Competition is inevitable. And it is true that we have encouraged it. “Who can get their pajamas on first?” and other such nonsense. You know, for our mental health, if not the health of their relationship. (Priorities!)
But you know, sometimes it backfires. Like when Squish ends up in tears every afternoon on the way home from school because his legs are not as long as his brothers and he comes in second in their daily race down the ramp. (Little Miss is just happy being able to run at all.)
We’ve tried to encourage Manchild to go easy on his brother, to ease up and let him win every now and then. See how nice it feels to make someone else feel good? Even better than winning! (He didn’t buy it.)
Last week, though, suddenly and strangely, something shifted. Suddenly I’m hearing: “Partners?” “Partners!” I’m hearing them cheer each other on. I’m hearing teamwork.
And I’m seeing this:
Holding hands. Climbing the slide together.

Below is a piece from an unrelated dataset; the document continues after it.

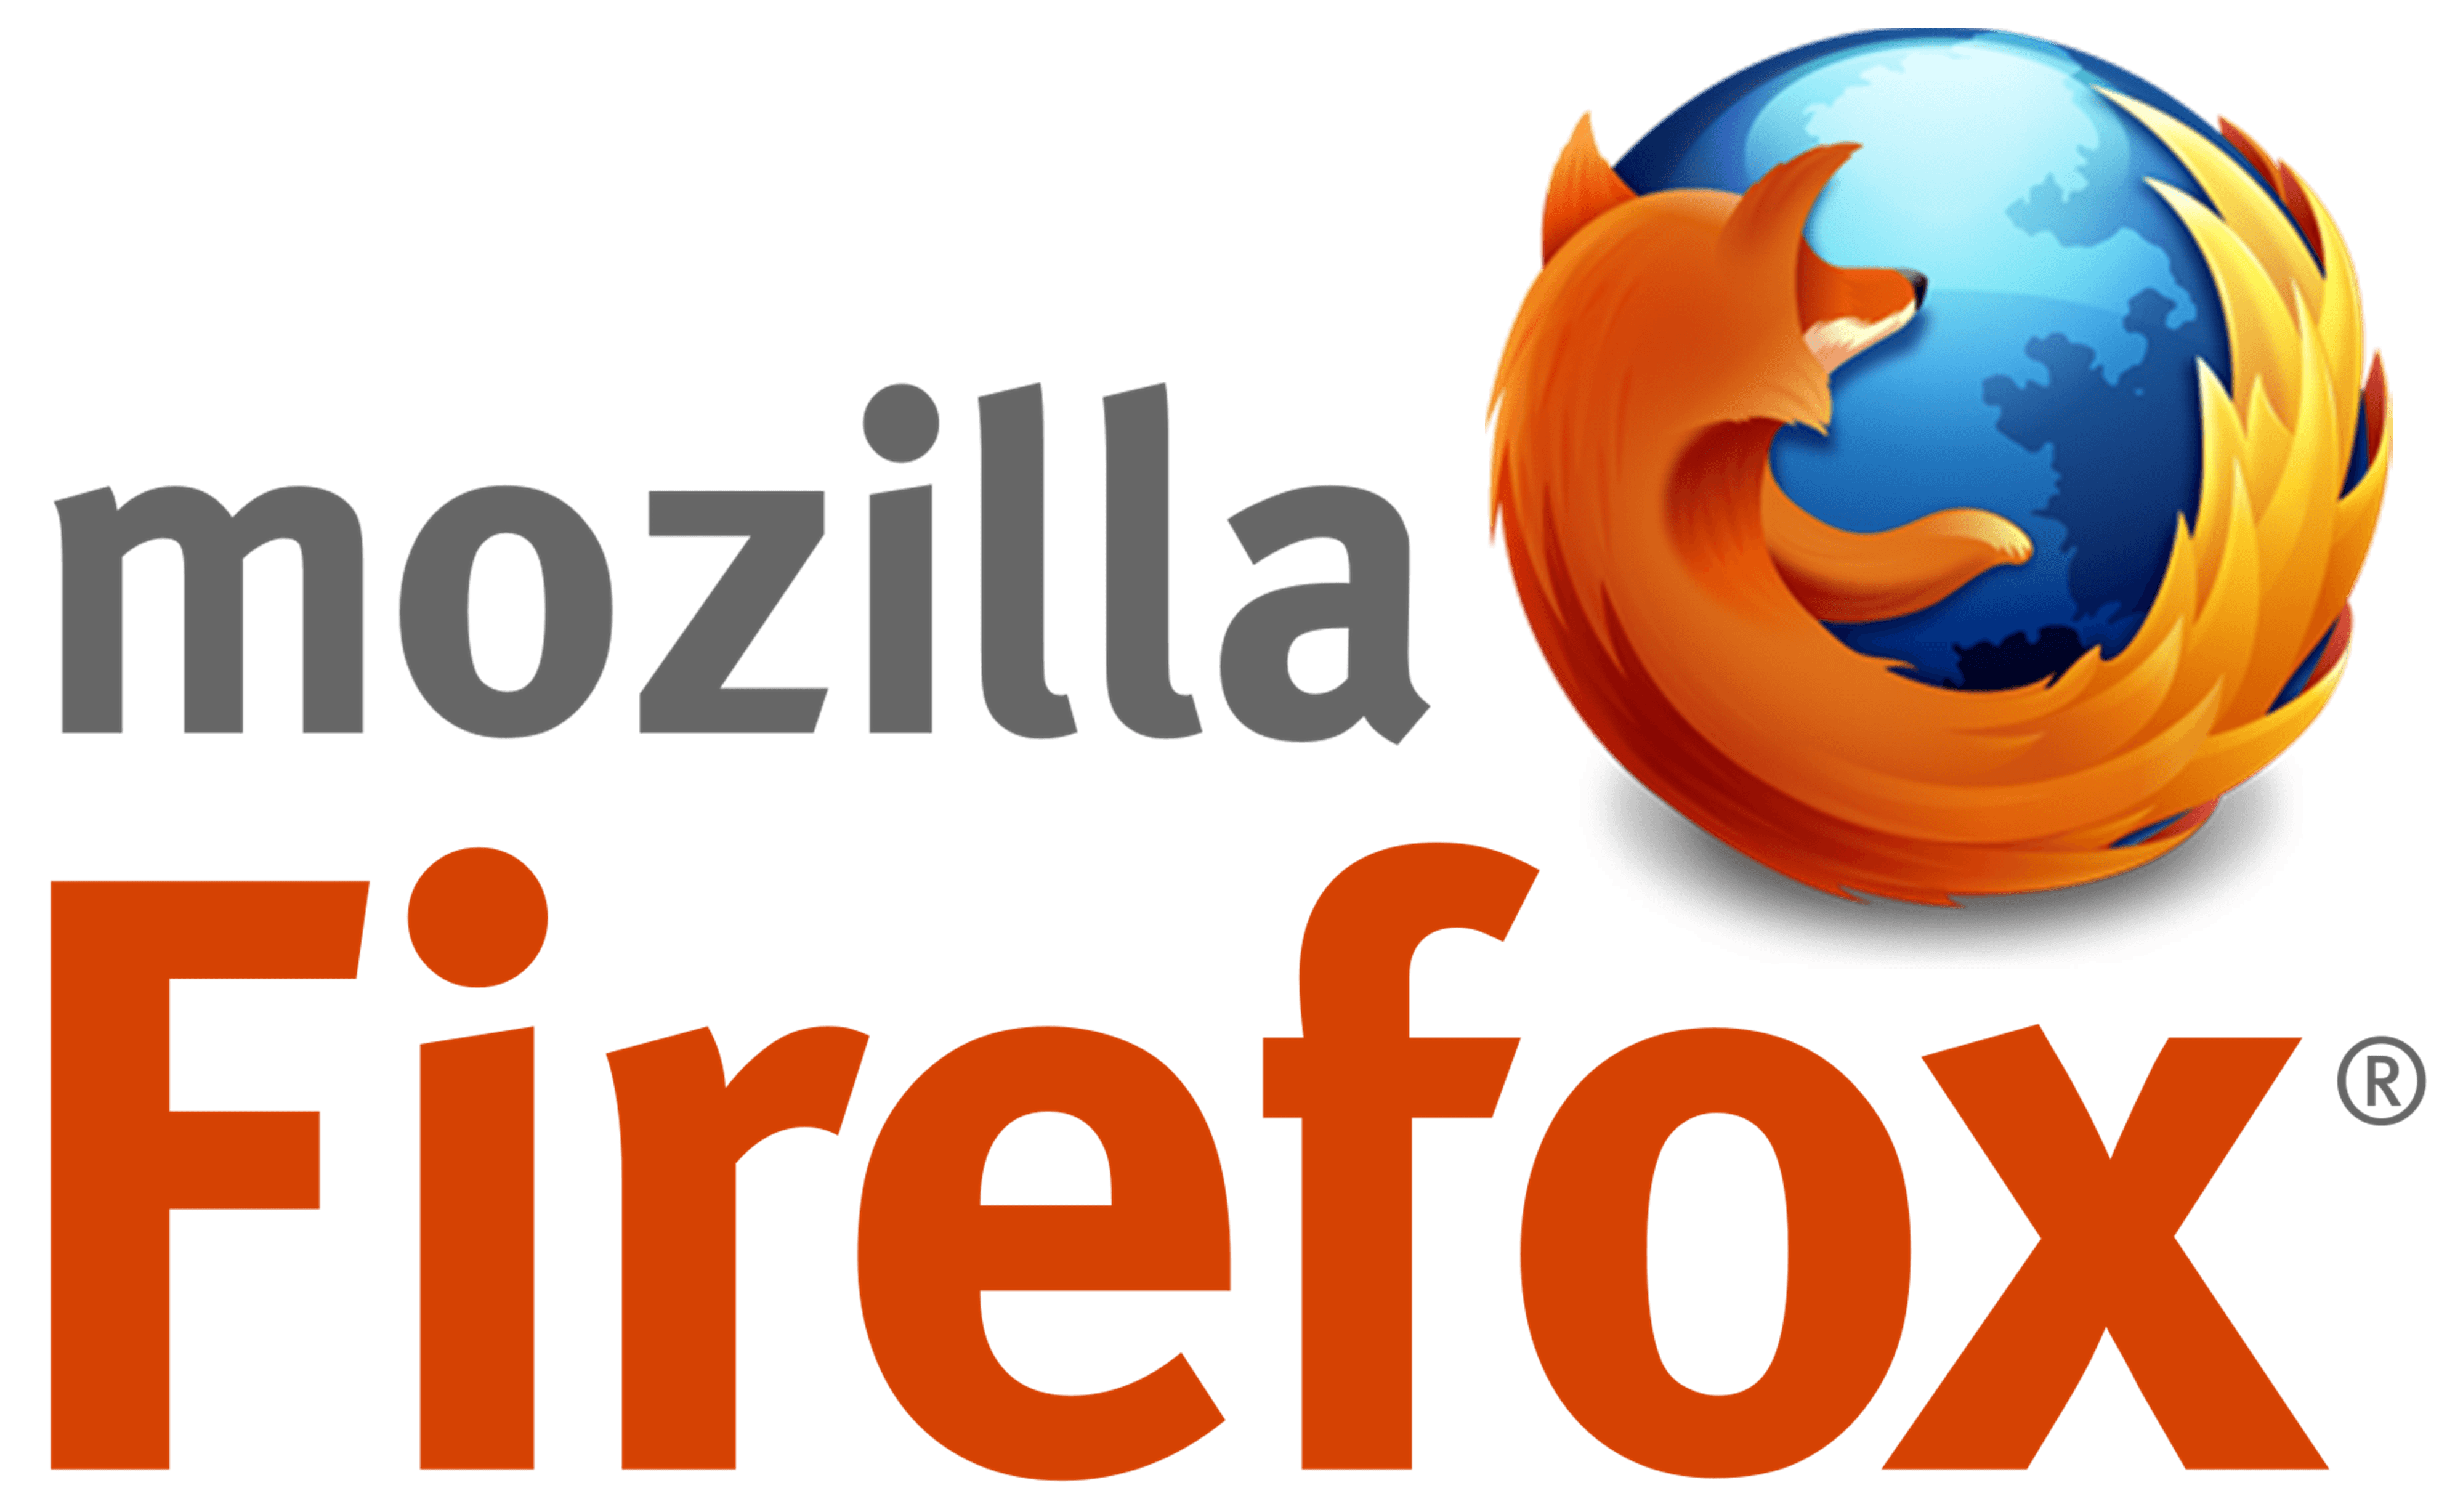 Original Firefox Logo - File:Firefox Logo.png - Wikimedia Commons

Leaving no man behind.
This development struck me especially hard last weekend when I heard a story about a couple of brothers who got themselves in a tight spot climbing a cliff and life was literally on the line. Micah and I couldn’t breathe for a few moments while we imagined our own offspring in the place of those boys. Gah! What would they do? Would one of them fall to his death? Would the other have to watch his brother die?

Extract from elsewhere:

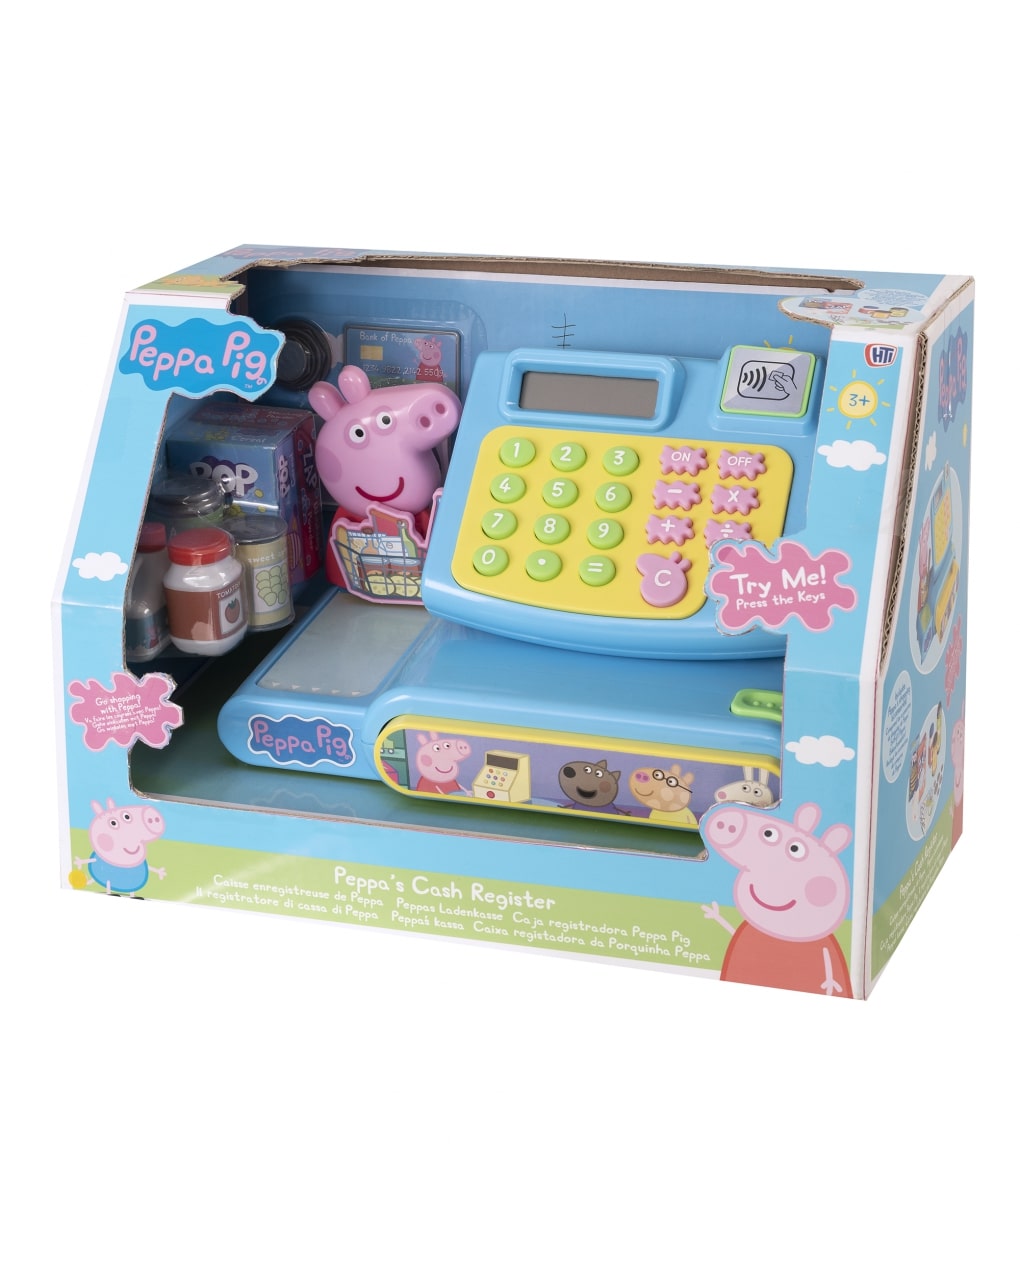 Peppa pig - caja registradora peppa pig - Peppa Pig

And suddenly, it seemed as though we could, perhaps, do a little better at encouraging cooperation instead of competition. We’re not in this to beat each other or come in first, right? Even if we do our best, isn’t it better to finish together than to be alone at the line? (Well, maybe not in an actual race, but you know, in life.)
The question now, then, is how to keep it going. Make sure we’re on the same team. A six-legged race, with each of us tied to the other. The victory is not in winning, but in learning to run together, to pick each other up when we inevitably stumble, and, eventually, to make it to the finish line in tact.